Rafał Janta, CharlieNose: warto promować świetne kosmetyki
Rafał Janta, CharlieNose: warto promować świetne kosmetyki

Rafał Janta, juror Love Cosmetics Awards, CharlieNose:

Moje pierwsze jurorowanie w konkursie Love Cosmetics Awards było oceanem wrażeń i prawdziwym kosmetyczne morzem, do którego od razu wskoczyłem na głęboką wodę. Wspaniale było poznawać nowe marki, nowe formuły, nowe składniki, nowe kosmetyczne koncepty.

Do testowanych produktów podchodziłem w sposób multisensoryczny – oczywiście odczuwałem ich działanie na mojej skórze i włosach, ale też rozkoszowałem się pięknym designem opakowań, wsłuchiwałem się w historie twórców i – co dla mnie szczególnie ważne – upajałem się pięknymi zapachami niektórych z nich. Upewniłem się w przekonaniu, że polskie kosmetyki nie mają powodów do żadnych kompleksów, co więcej – często zostawiają zagraniczną konkurencję daleko w tyle. Mam tu na myśli i składy i zaawansowane technologie i doskonały światowy design.

Cieszę się, że mogłem dorzucić swoje męskie trzy grosze do tego ciekawego przedsięwzięcia. Jeszcze bardziej się cieszę, iż dla nas facetów marki mają coraz więcej do zaoferowania. Stawiam sobie za misję głoszenie tego mężczyznom i zachęcanie ich do jeszcze bardziej świadomego dbania o urodę.  

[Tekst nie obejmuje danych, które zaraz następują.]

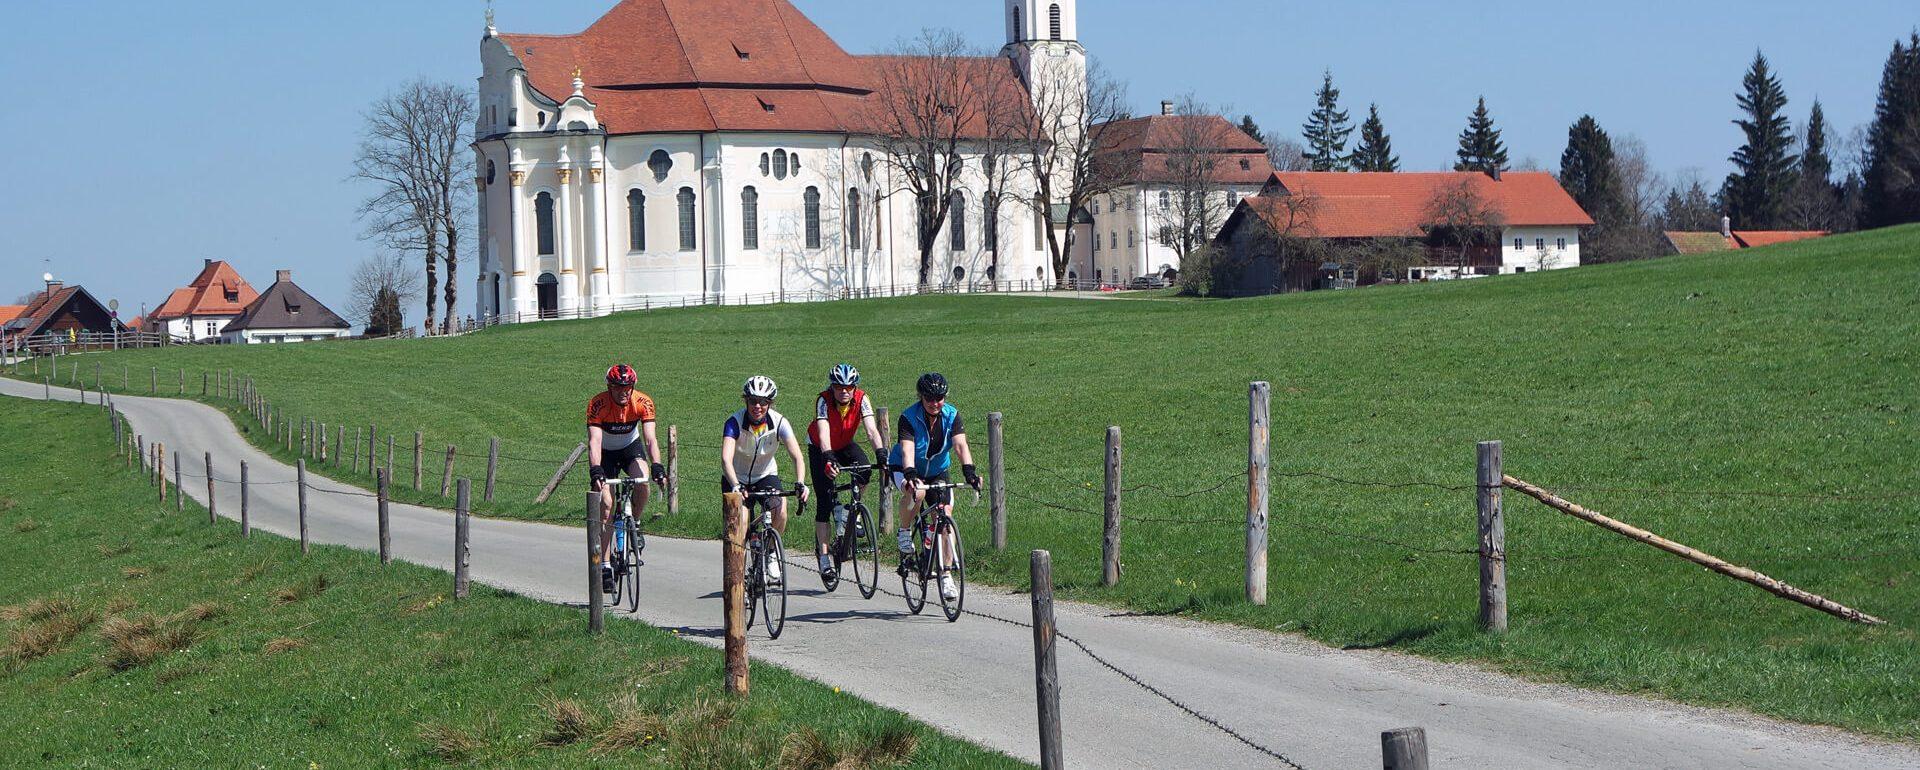 Rennradtouren im Allgäu © Allgäu GmbH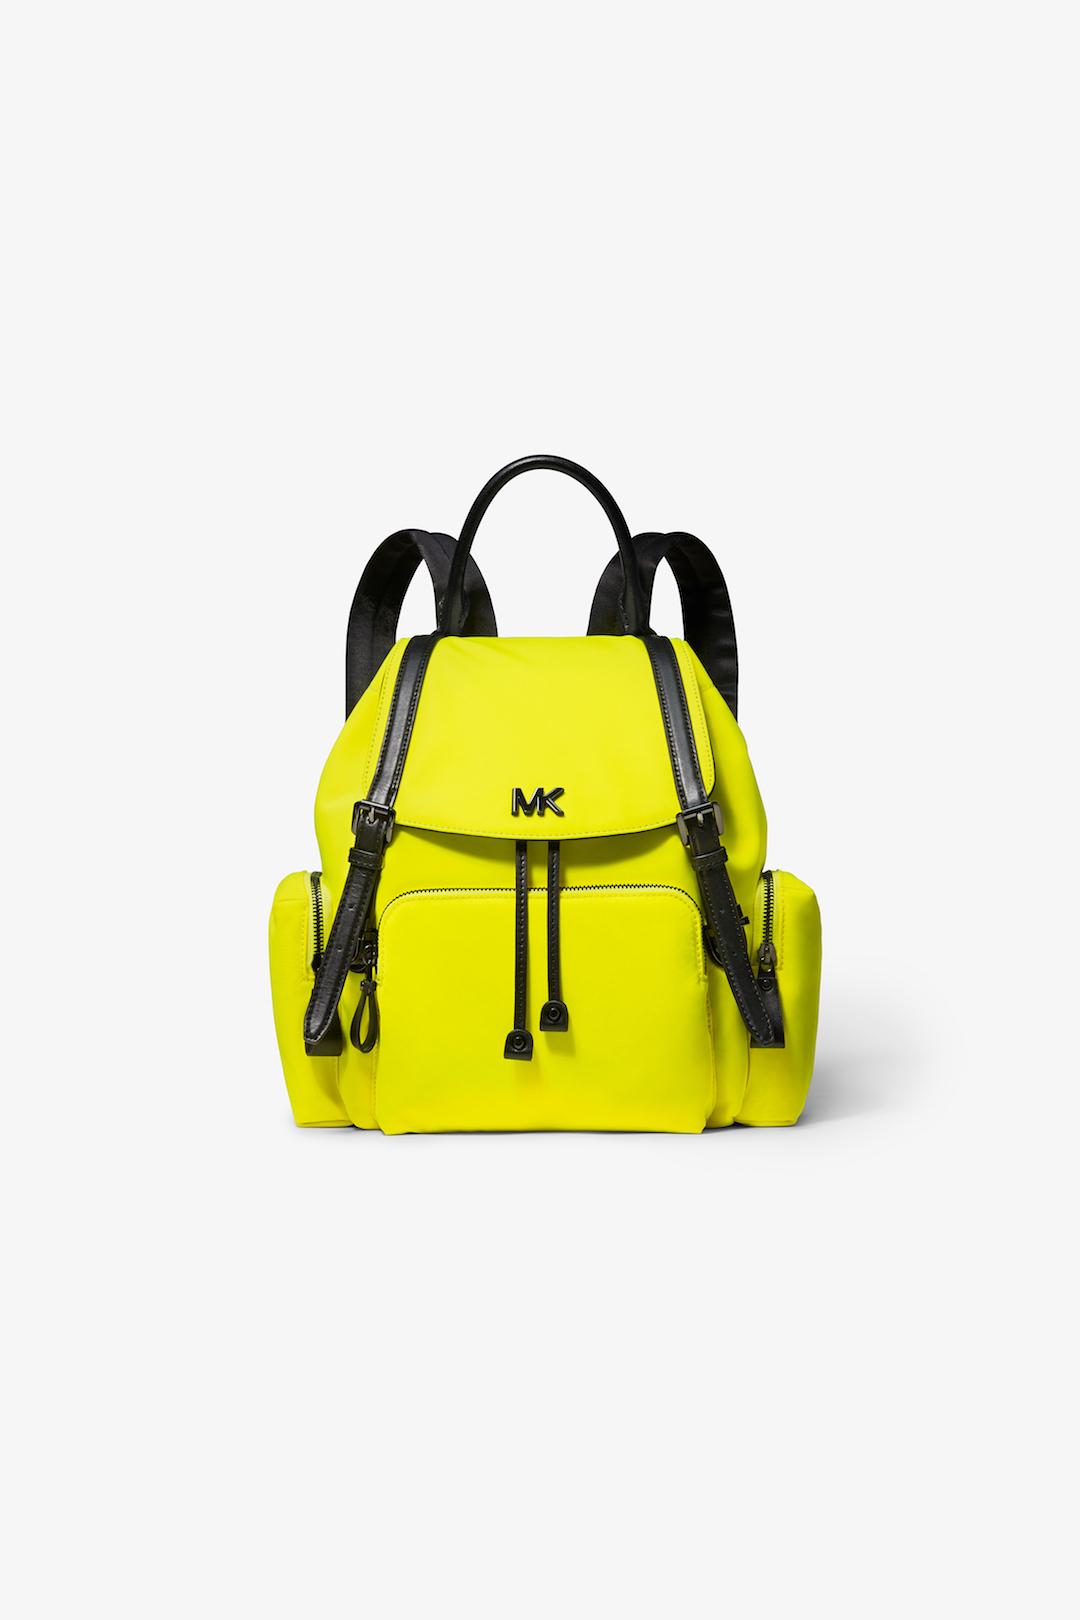 MICHAEL Michael Kors Neon Yellow Beacon Backpack.jpg

Z przyjemnością używałem nowej serii dla mężczyzn Clochee Men, szerokiej gamy Monolit, genialnie pachnącego balsamu z zieloną kawą i tabaką od Mokosh, kapałem się w terapeutycznej soli od Unit4Men, a w brodę wcierałem kosmetyki z olejkiem konopnym marki Zew for Men. Jeśli chodzi o składniki, zdecydowanie zostałem fanem matchy! Zwłaszcza w wydaniu świetnych kosmetyków Polemika i pasty do zębów NatureOn. Zacząłem tez zauważać szyję, którą wcześniej traktowałem jak coś nieistniejącego między brodą, a resztą ciała. Bardzo dobrze w jej pielęgnacji sprawdziła mi się seria Volumeric Dr Irena Eris. Wzmocniłem rzęsy i brwi odżywkami Revitalash, skórę pod brodą pilingowałem żelem od Biały Jeleń, a tę na głowie świetnym pilingiem Mawawo. Pokochałem nocne maski – zwłaszcza te od Sensum Mare, Kiré Skin i Arkana. Regularnie stosowałem pilingi enzymatyczne – z matchą od Veoli Botanica i z papają i mango od Sensum Mare. Zachwyciły mnie dwa olejki. Jeden pielęgnujący od Krayna – malina i rozmaryn, drugi oczyszczający Relax & Shine marki babo. Ten ostatni przypomina mi zapachem cudowny kokosowy zabieg jaki miałem kiedyś przyjemność odbyć w tureckim spa. Moim ulubionym akcesorium urodowym stał się masażer od Bless Me Cosmetics, ukochanym zapachem Nairobi-Toronto od Love’n’Hate, a w torbie zawsze nosiłem wielofunkcyjny balsam dla mężczyzn od Pure Story by dr. Rymsza. Dzięki marce Marie Brocart dowiedziałem się, że istnieje coś takiego jak eko-brokat. Kąpała się w nim co prawda moja druga połówka, ale czyż kosmetyki, które uszczęśliwiają naszych najbliższych nie są najlepszymi kosmetykami? To napisawszy dodam jeszcze tylko, że cała moja rodzina uzależniła się od bajecznie kolorowych kul do kąpieli Full Mellow.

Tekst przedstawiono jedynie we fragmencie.